Back Porch Bluegrass, The Dillards

When I first saw The Dillards in 1963 I knew my life was about to change. Doug Dillard took the stage and made me catatonic, and provided the perfect tonic for my future: be a musician and travel the world. Their first album — Back Porch Bluegrass — bought the next week, was a perfect set of originals and traditionals executed masterfully, and influenced thousands. I am one of them.

Last Night Blues, Lightnin’ Hopkins

Houston’s Lightnin’ Hopkins became my favorite bluesman. Fortunate to see him in the mid-‘60’s, he was captivating — a window into America that showed things not found in Garden Grove, where I lived through my college years. As one of Rolling Stone’s top 100 guitarists, it is safe to assume he influenced more on that list than most of the others.

The Original Sound, Flatt & Scruggs

This 1949 recording set the benchmark for what bluegrass should — or could — be. Recorded in a three hour Florida session as a hurricane was headed their way, it took me to a place I’d never been, but wanted to be. I knew I would play with them someday, but had no idea how. Recorded with one mic, their original sound became the pathway to bluegrass for many.

Songs of the Famous Carter Family, Flatt & Scruggs

Mid-‘60’s I fell in love with the Carter Family music and set to playing these songs as much like Earl (Scruggs) as I could. Earl played a lot of guitar. Maybelle Carter was a big influence on his overall music. Carter-style guitar became the second love of mine. I’ve often used it over the years. Carter melodies captured me first, then words of genuine Appalachian heritage.

Livin’ On the Mountain, Bill Keith and Jim Rooney

Second generation of pickers in a Boston library did some original songs and a LOT of original picking on one mic. In Bill Keith’s hands the banjo went to new frontiers and he conquered them. Their songs spoke of moonshiners, oceans of diamonds, and log cabins in the lane … English balladry with a different inflection than the other bluegrass I was into at the time.

Sgt. Pepper’s Lonely Hearts Club Band, The Beatles

It was great to hear just how much one can do recording! Sounds, lyrics that create whole stories, rock with orchestra…all of it. This album gave me great relief and time away from the other music I was into, but then I kept hearing licks that sounded familiar! I found that When I’m Sixty-Four” was a ragtime piano song from around 1915. It showed me that influences come from many directions.

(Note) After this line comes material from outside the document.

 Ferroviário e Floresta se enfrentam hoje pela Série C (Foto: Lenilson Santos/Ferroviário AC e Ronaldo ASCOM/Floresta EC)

Music From Big Pink, The Band

During the second month of filming on Paramount Pictures’ Paint Your Wagon in 1968, Big Pink came out. The remote Oregon forest where filming was taking place was 90 minutes from where we stayed during that four months, and every long set day was spent anticipating hearing the album again that night. When Levon (Helm) asked me to sit in on his 70th birthday show it was a high point.

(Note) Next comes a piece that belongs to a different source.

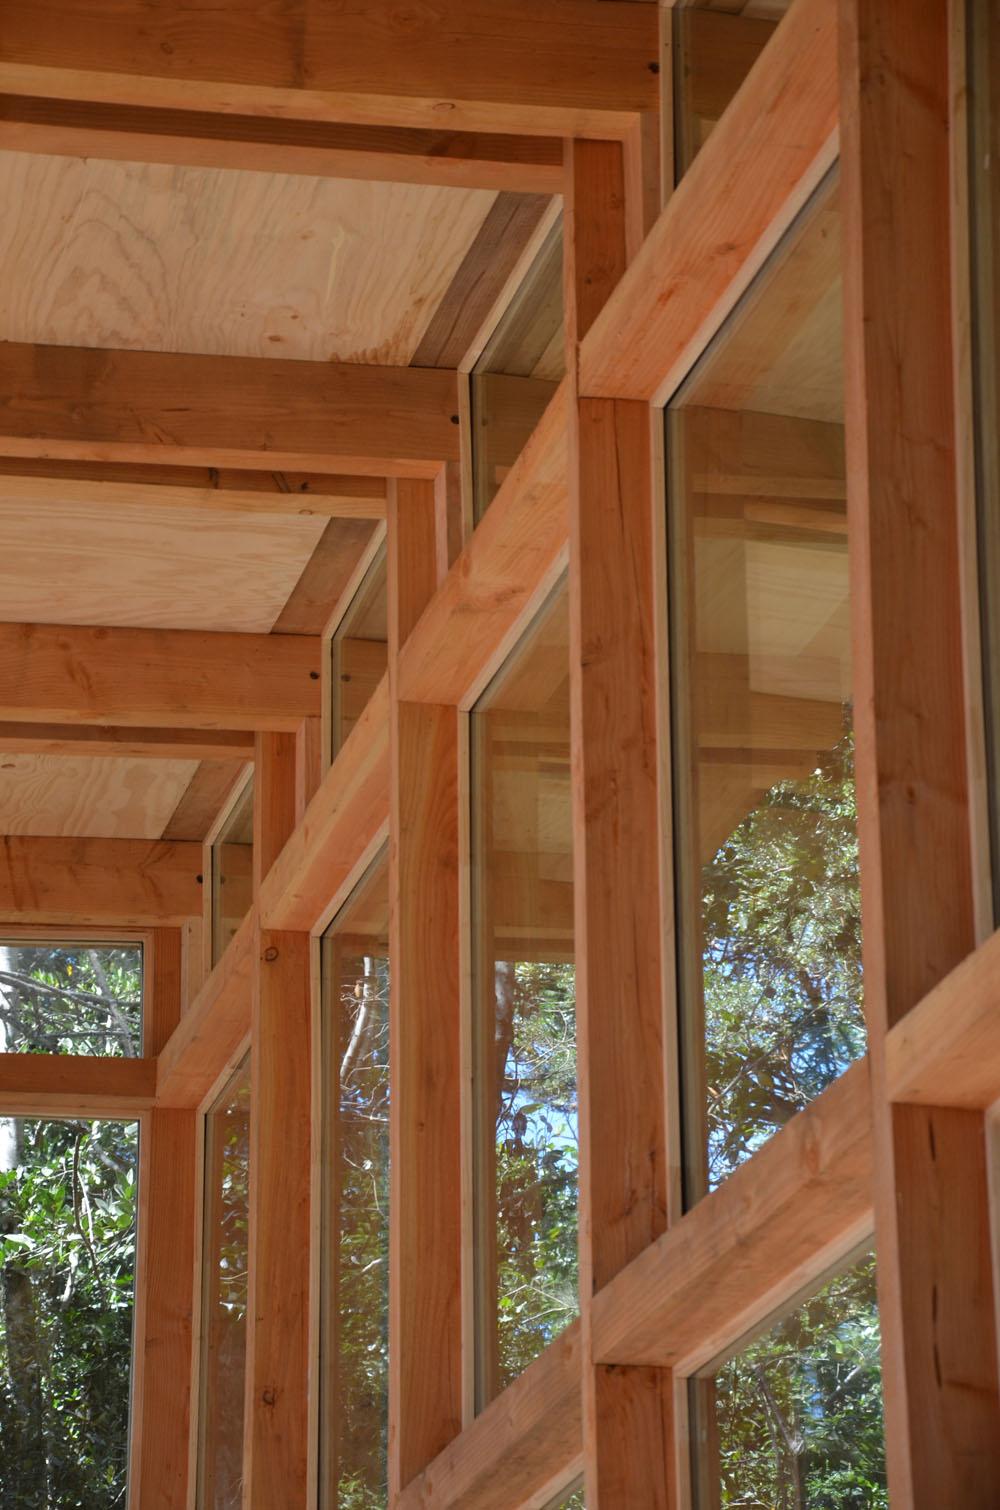 the-tree-mag_house-at-rupanco-lake-by-squella-arquitectos_20s.jpg

The Music Man, The Original Cast 

In my teenage years working in Disneyland’s Magic Shop I somehow came across this album after seeing the film. Masterful writing and execution that took me away, I learned early from Robert Preston’s “Trouble” and found it a great way to warm up vocally in later years. It also had a song that would become one of The Beatles’ early hits “’Till There Was You,” sung by Paul.

Another Day with Reno & Smiley, Don Reno & Red Smiley

A bit more ‘raw’ than Flat & Scruggs, Reno & Smiley had killer harmonies and new style picking, thanks mainly to Don Reno’s multi-layered, innovative approaches to banjo: single string, many strings at once, unusual phrases that hearkened back to early rock ‘n’ roll, bluegrass rolls and (Merle) Travis style banjo breaks.

Made in Brooklyn, John McEuen and Special Guests

Not to be self serving here, I list this as one of my favorites because of what all the great performers did here in two magic days of recording in an old Brooklyn Church. Forteen cuts by acoustic and vocal masters was an idea formulating for years, and then I ran in to Norman Chesky. His label records audio the best, and their one mic process’ quality was what I’d been looking for.